Based on their JEE Main scores, they have to further register and apply online for admission to the university.

SASTRA University will allot ranks to the candidates on the basis of their scores in JEE Main and class 12th marks.

Further, candidates have to participate in an institute level counselling and get their documents verified and pay the fee.

Stream2: Based on +2 marks for 30% of seats

Under this channel, the candidates can apply for direct admission based on their class 12th marks.

A merit list will be prepared on the basis of +2 marks by the university.

In order to have the same scale of comparison, the +2 or its equivalent aggregate marks will be normalized.

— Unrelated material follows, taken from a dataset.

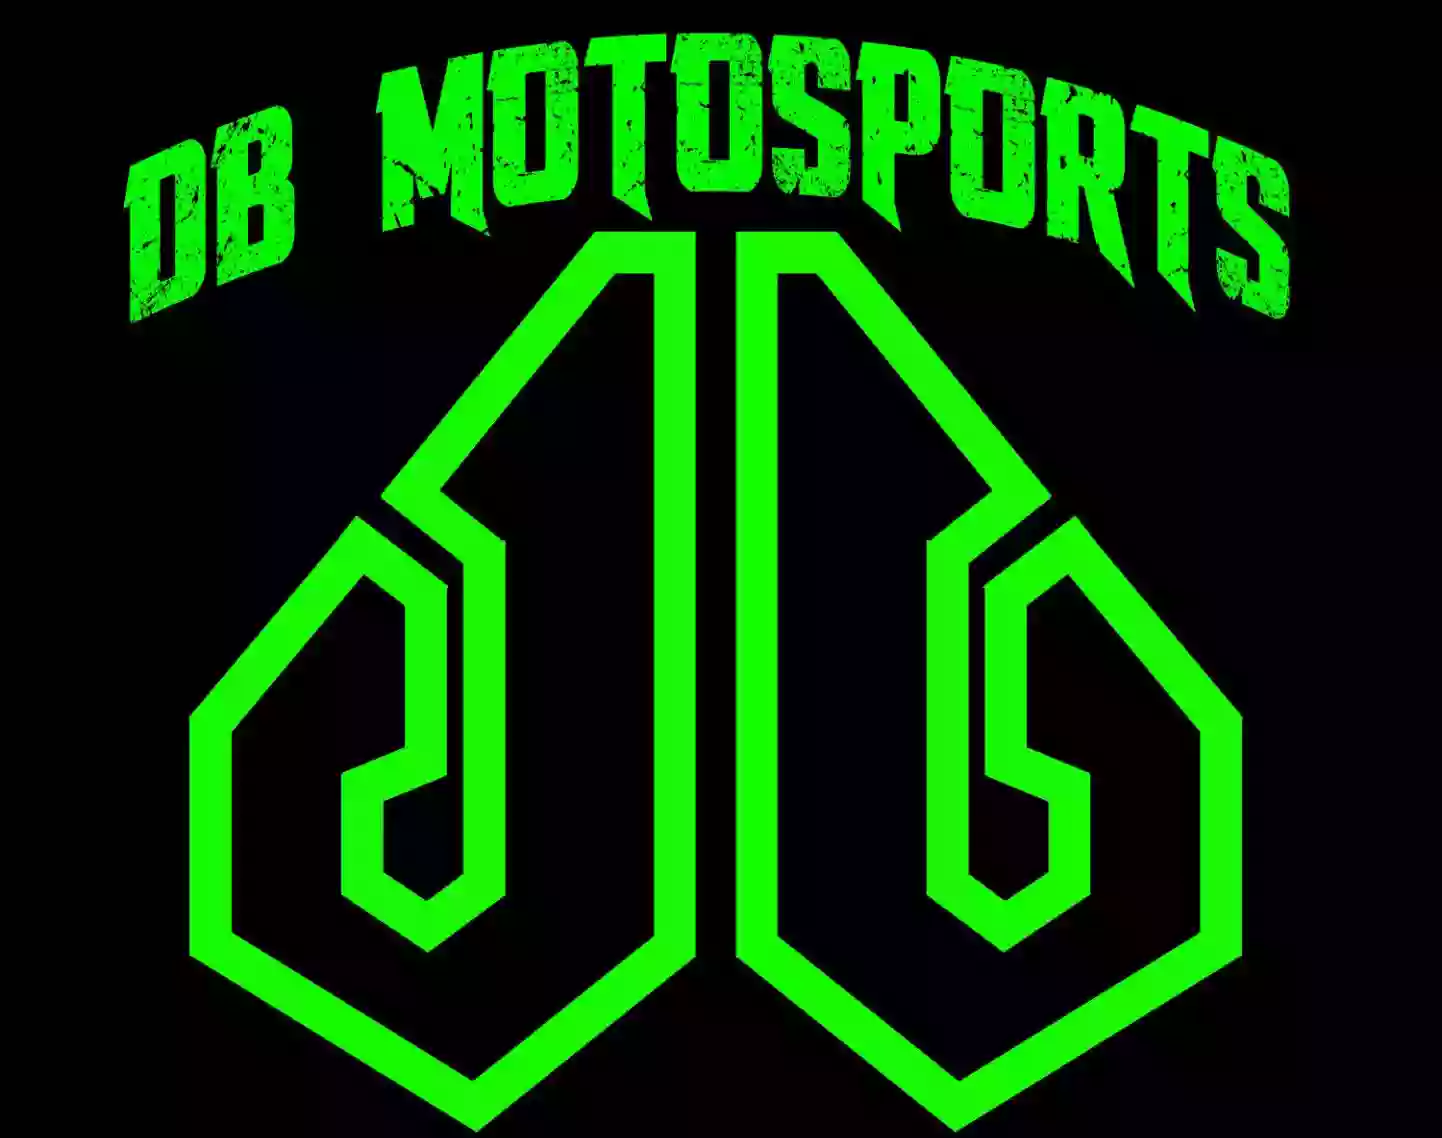 DB Motosports & Auto Repair, LLC.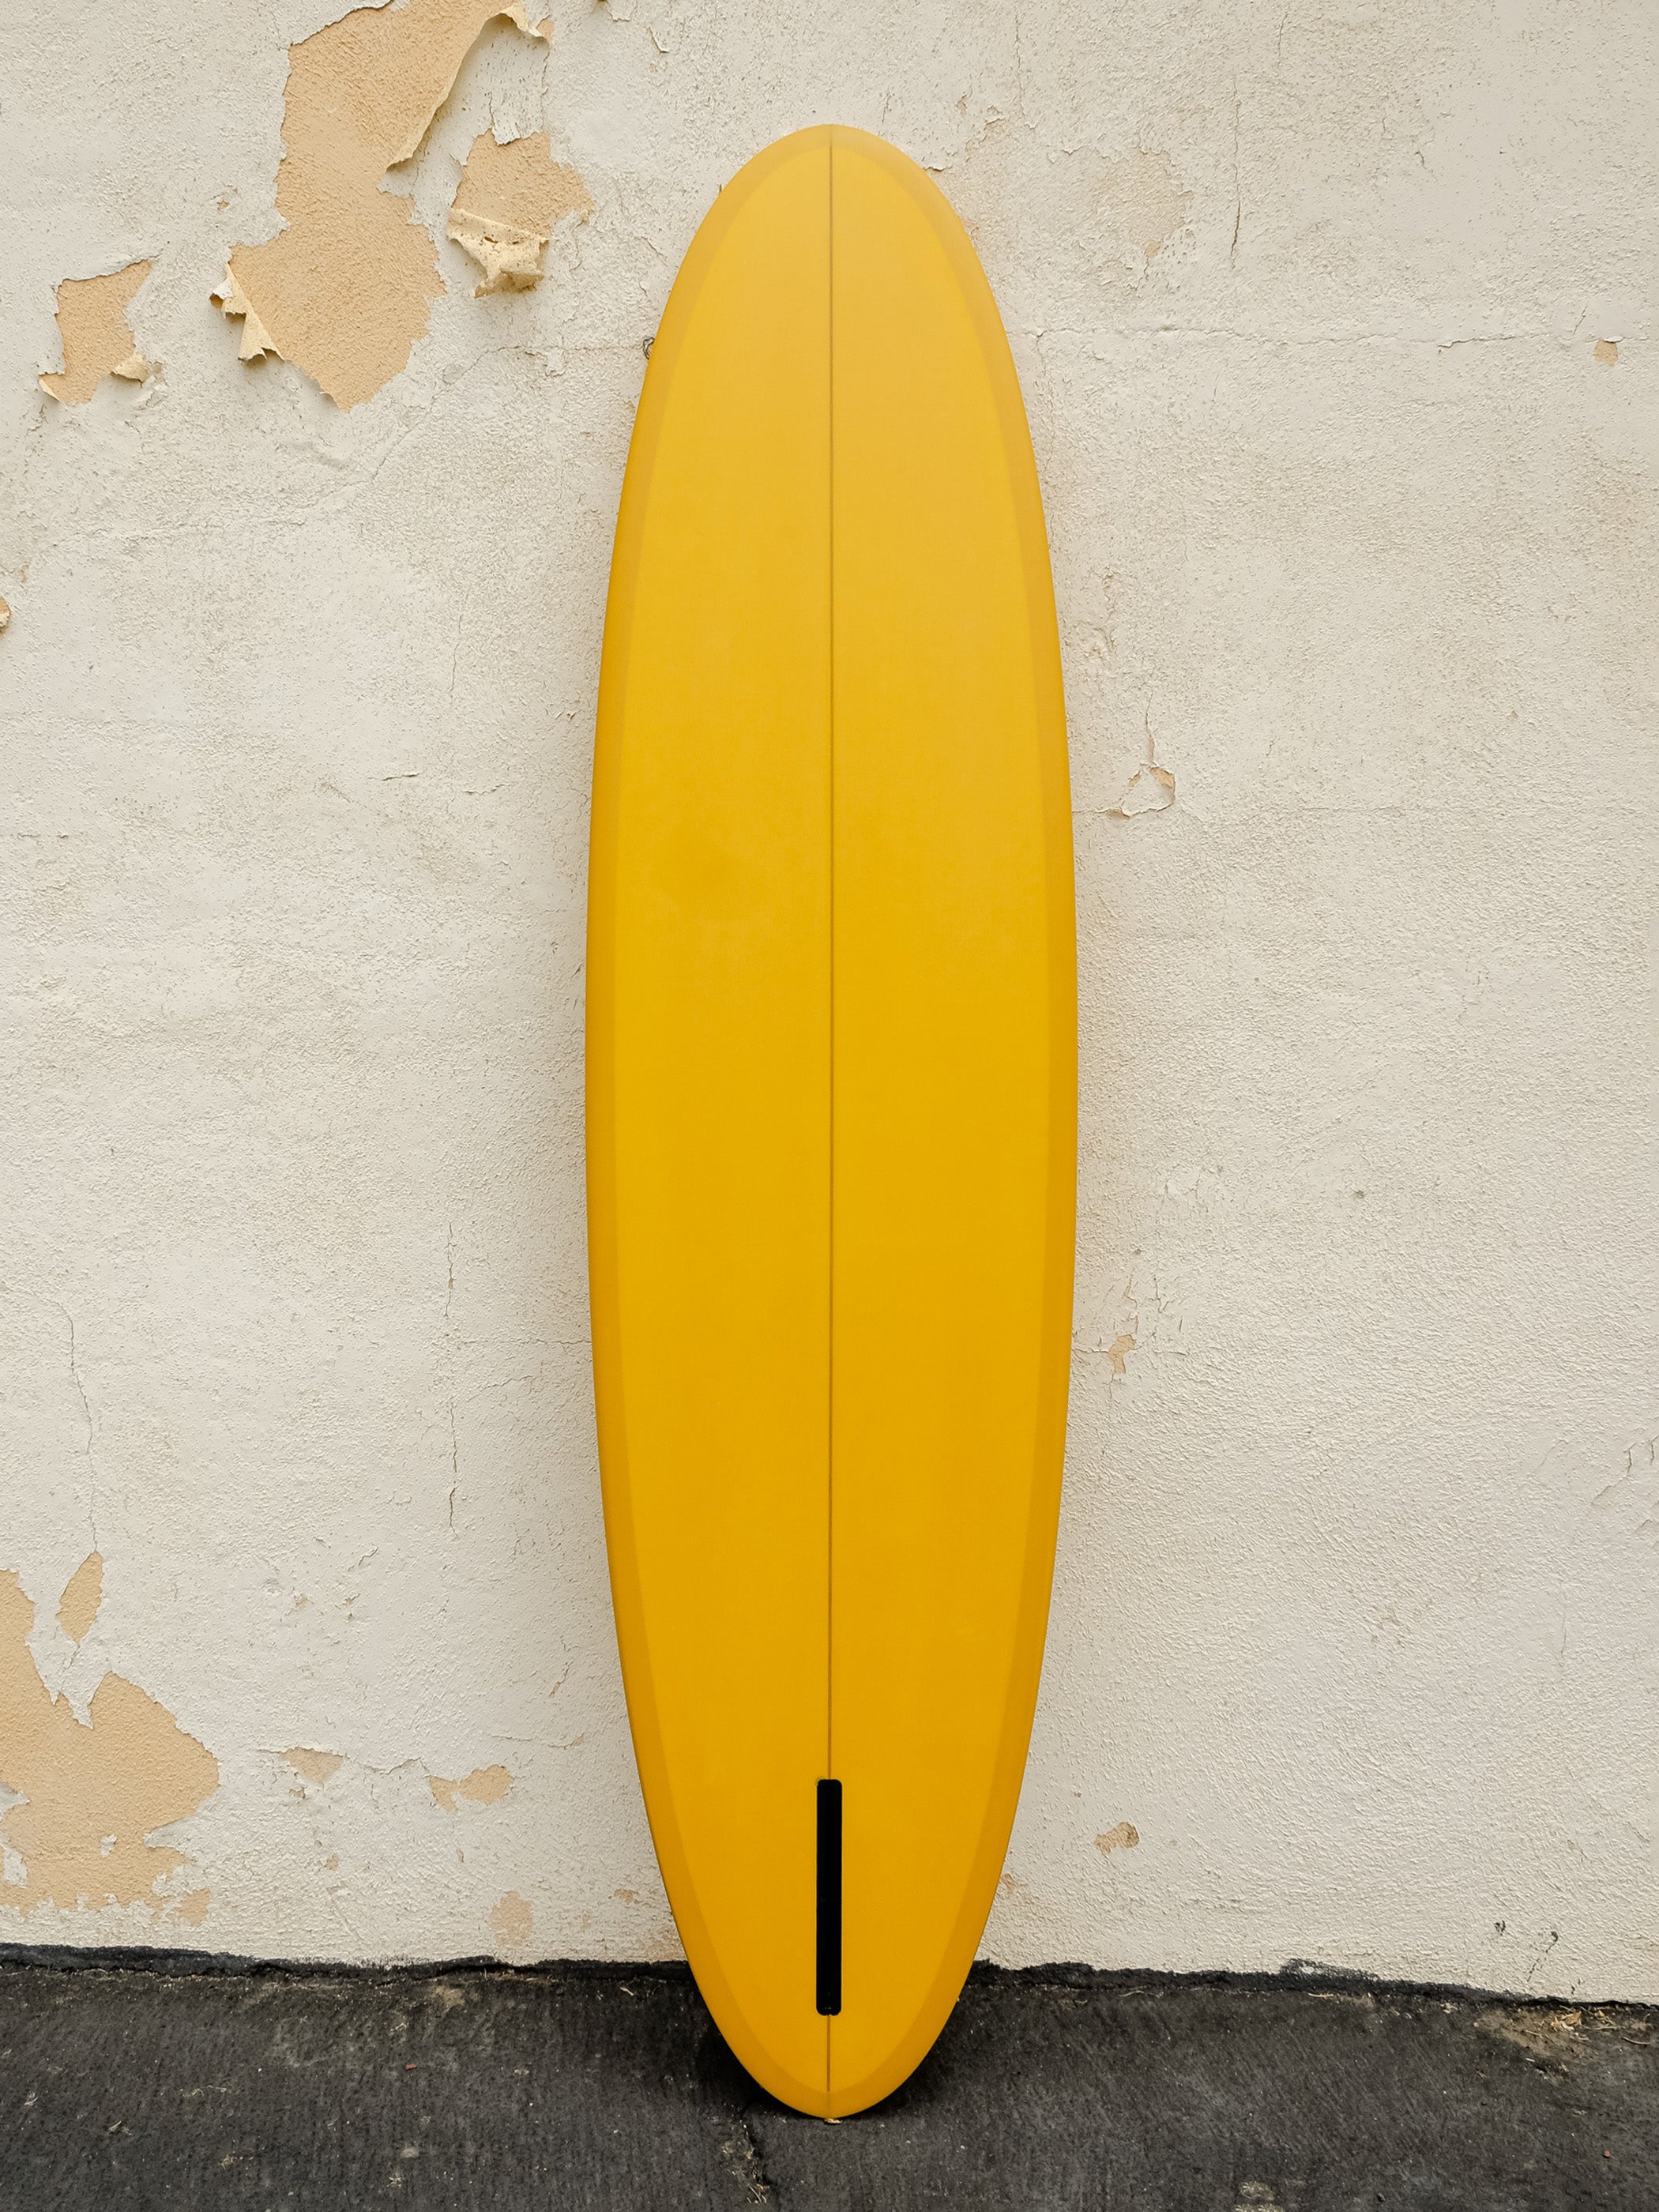 Tyler Warren | Function Hull 7’6” Harvest Gold Surfboard

Further, candidates have to participate in an institute level counselling and get their documents verified and pay the fee.

Final admission will be based on the merit list, counselling, fee payment and document verification.

For more details do visit the link given below :-

https://www.careers360.com/university/shanmugha-arts-science-technology-research-and-academy-thanjavur

I hope this information helps you.

Good Luck!!

Hello dear

Sastra University for Btech admission , 70% of the total seats are filled on the basis of the JEE Mains rank and rest 30% based on class 12 merits. So your mains score was quite good rank to secure seat in any branch of  Sastra University.

All the best!!

Basith, There’s nothing like minimum mark in JEE for admission in SASTRA. The weightage for JEE Main scores and +2 marks will be 25% & 75% respectively. The aggregate JEE Main score and normalized +2 aggregate will be taken together as per the weightage and applicants will be ranked based on the resultant combined score.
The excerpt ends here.